Some of Europe’s largest green networks have urged ministers to make durable, repairable and low-carbon batteries the norm.

Environment ministers met last week to kick off discussions about, among other issues, the much-awaited revision of the EU’s Battery Regulation.

From transport and energy storage to smartphones, the revision has the potential to reduce the environmental impact and downsize the risks of our increasingly electrified and digital economy.

The discussions focused on a legislative proposal put forward last year by the European Commission to boost the market for sustainable batteries. Announced as one of the cornerstones of the European Green Deal, the strategy received widespread attention, with the European Investment Bank promising to allocate more than €1 billion to battery-related projects.

The European Parliament and Council are now expected to come up with their own positions by the end of the year.
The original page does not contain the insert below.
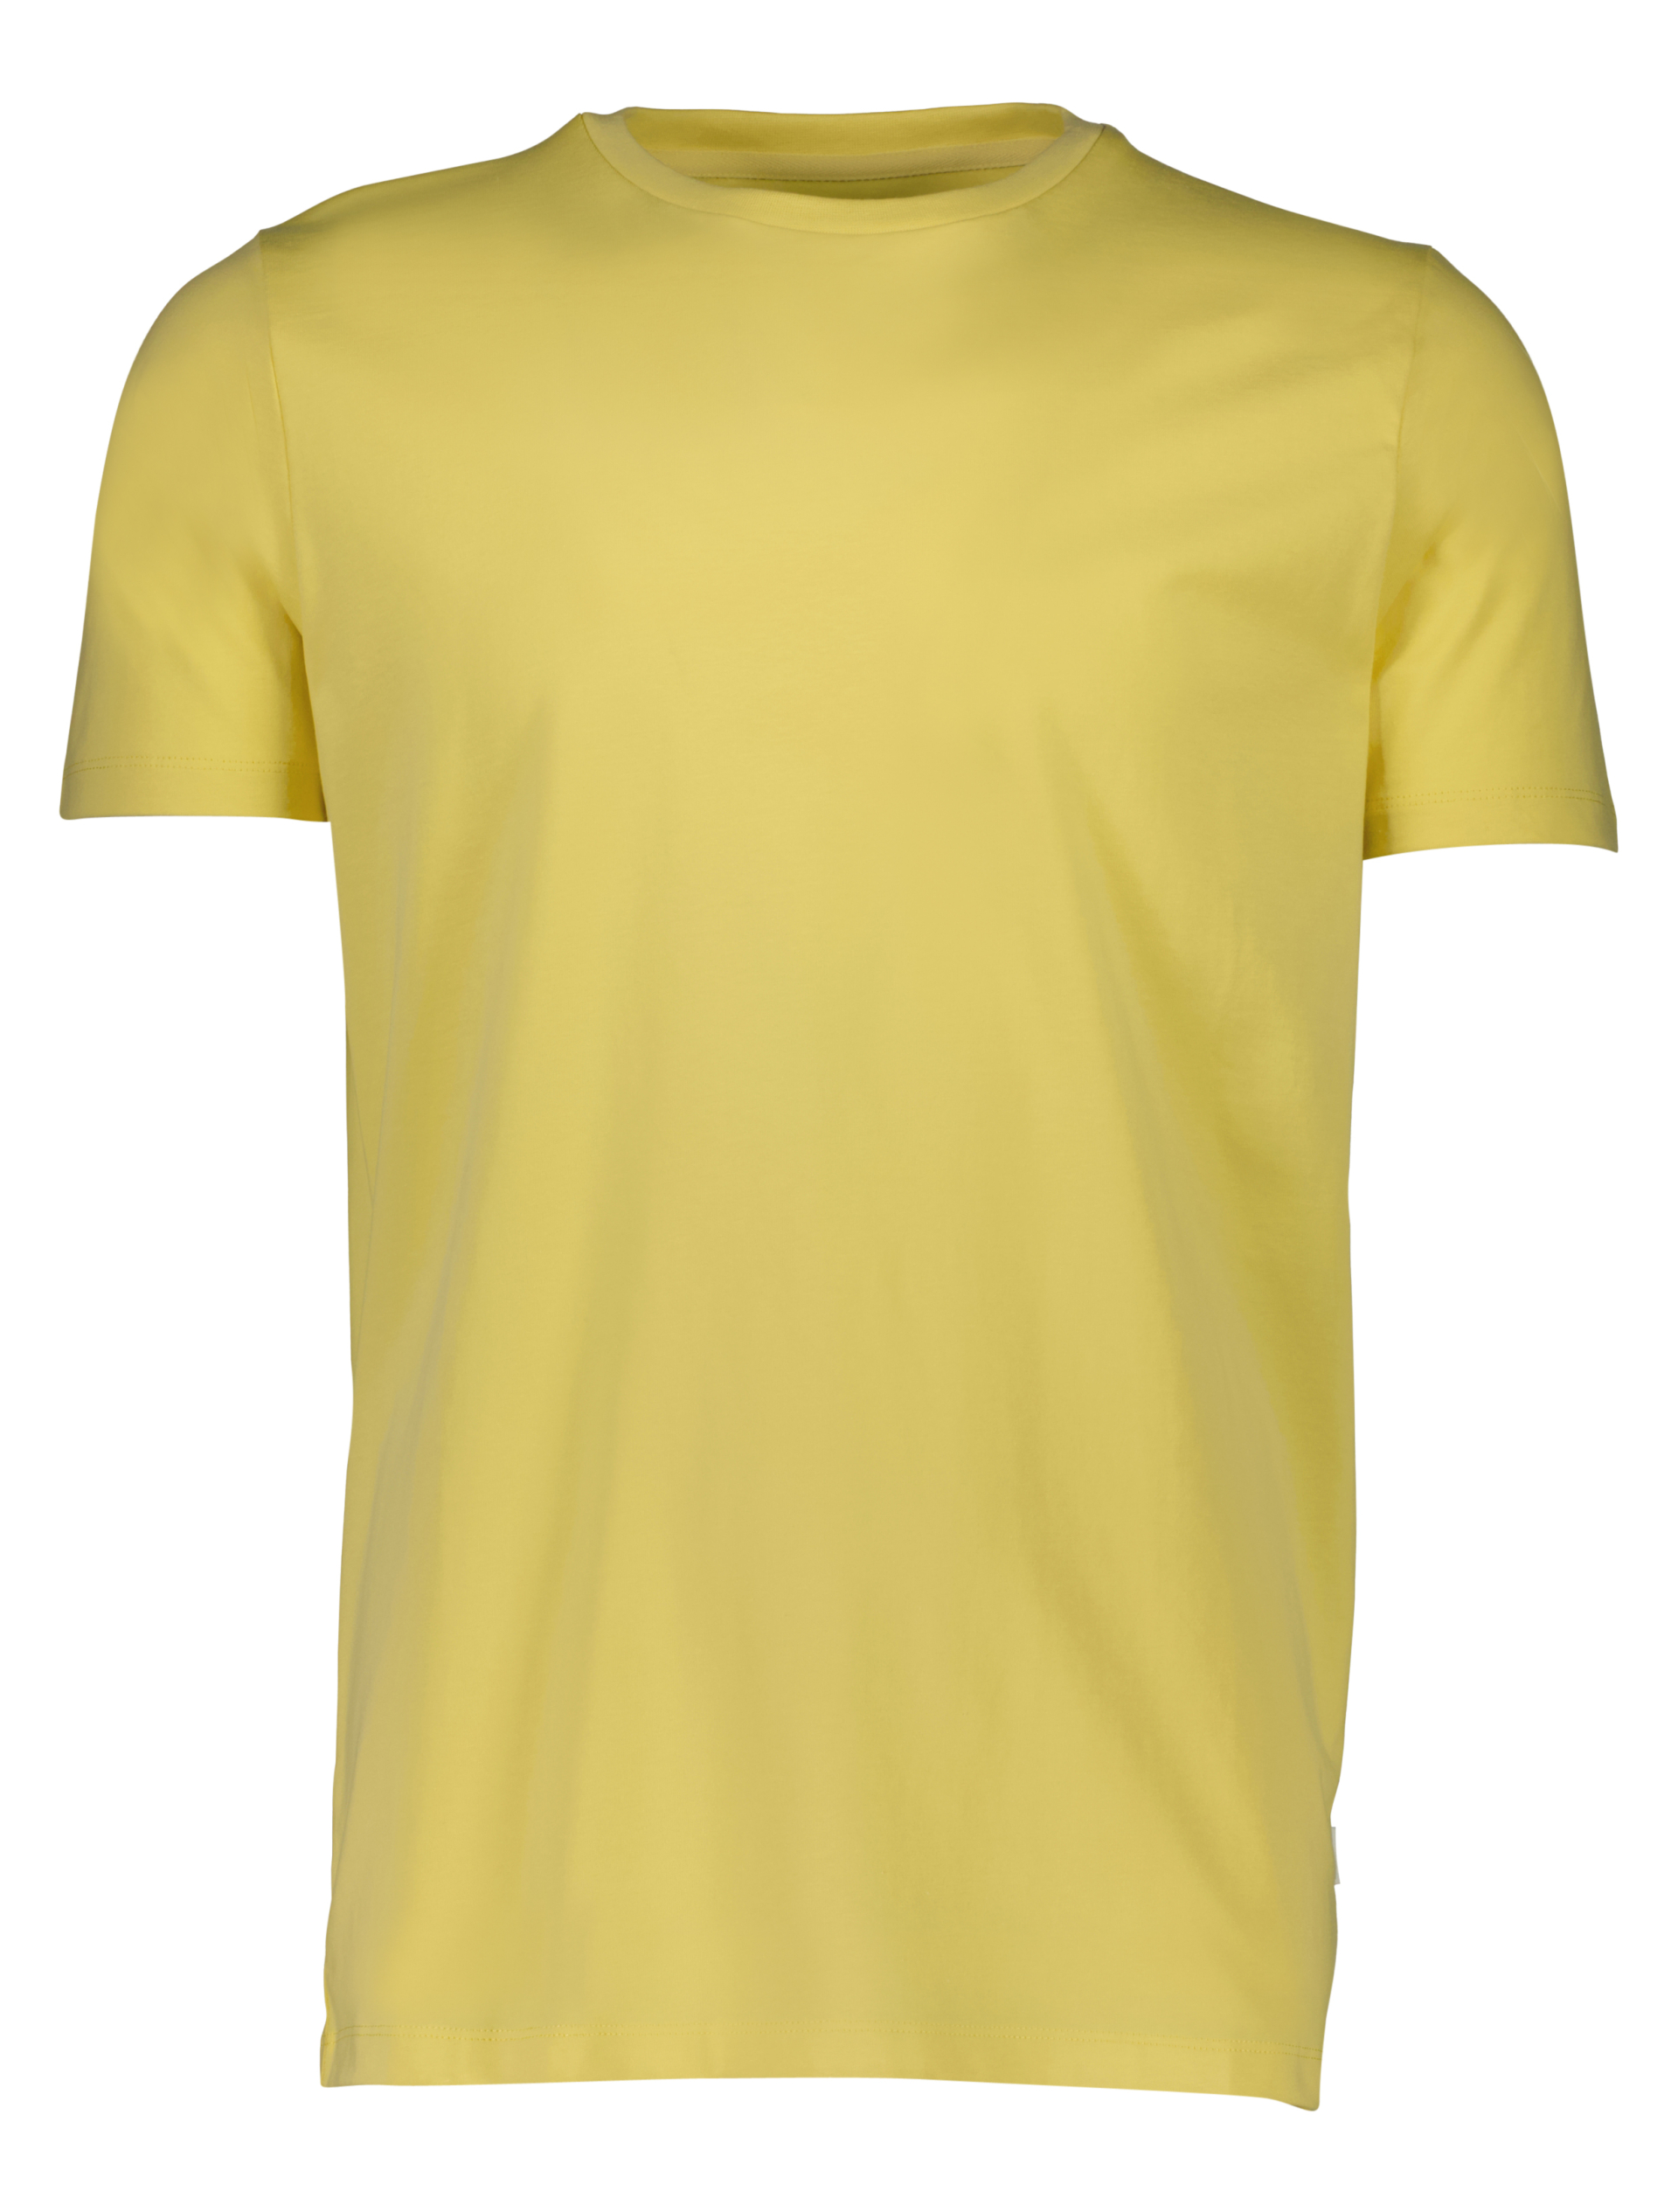 Lindbergh T-shirt rød / pastel yellow

An ambitious stance by national governments may further improve the Commission’s proposal and turn the existing directive into a more comprehensive and binding regulation.

A once-in-a-generation opportunity

Batteries are necessary to replace fossil fuels with clean energy. However, the extraction of raw materials used to produce them is depleting resources, polluting natural ecosystems and fuelling environmental and social injustice.

According to recent studies, if reuse and recycling rates do not grow sufficiently by 2050, the reserves of copper, lithium, nickel and manganese in existing mines will be exhausted. Much of this depletion will be due to the batteries required by electric vehicles, as the global lithium-ion market is set to grow by up to 30% each year.

For this reason, a coalition of leading green NGOs – Deutsche Umwelthilfe, ECOS, the European Environmental Bureau (EEB) and Transport & Environment has called on ministers to seize this opportunity and improve the Commission’s proposal further by:

  • Introducing manufacturing requirements to ensure optimal performance as well as replaceability, disassembly, repairability and reusability;
  •  Ensuring that carbon footprint rules incentivise real world use of green energy with independent verification of industry data, in particular from third countries;;
  • Ensuring better collection of spent batteries by introducing a deposit return system for portable batteries, waste collection targets and incentivises for the collection of electric vehicle batteries, including light means of transport;
  • Implementing mandatory tests to determine whether it is technically possible and economically reasonable to reuse a battery;
  • Increasing the ambition of the battery material recovery targets, especially for lithium, and aligning them with current best practice.
  • Enforcing the effective phase-down of disposable batteries by replacing them with rechargeable batteries whenever it is clearly a preferred option;
  • Ensuring the ethical sourcing of raw materials throughout all stages of battery manufacturing;
  • Proposing ambitious targets and a common methodology for the calculation and verification of recycled content used in the production of batteries.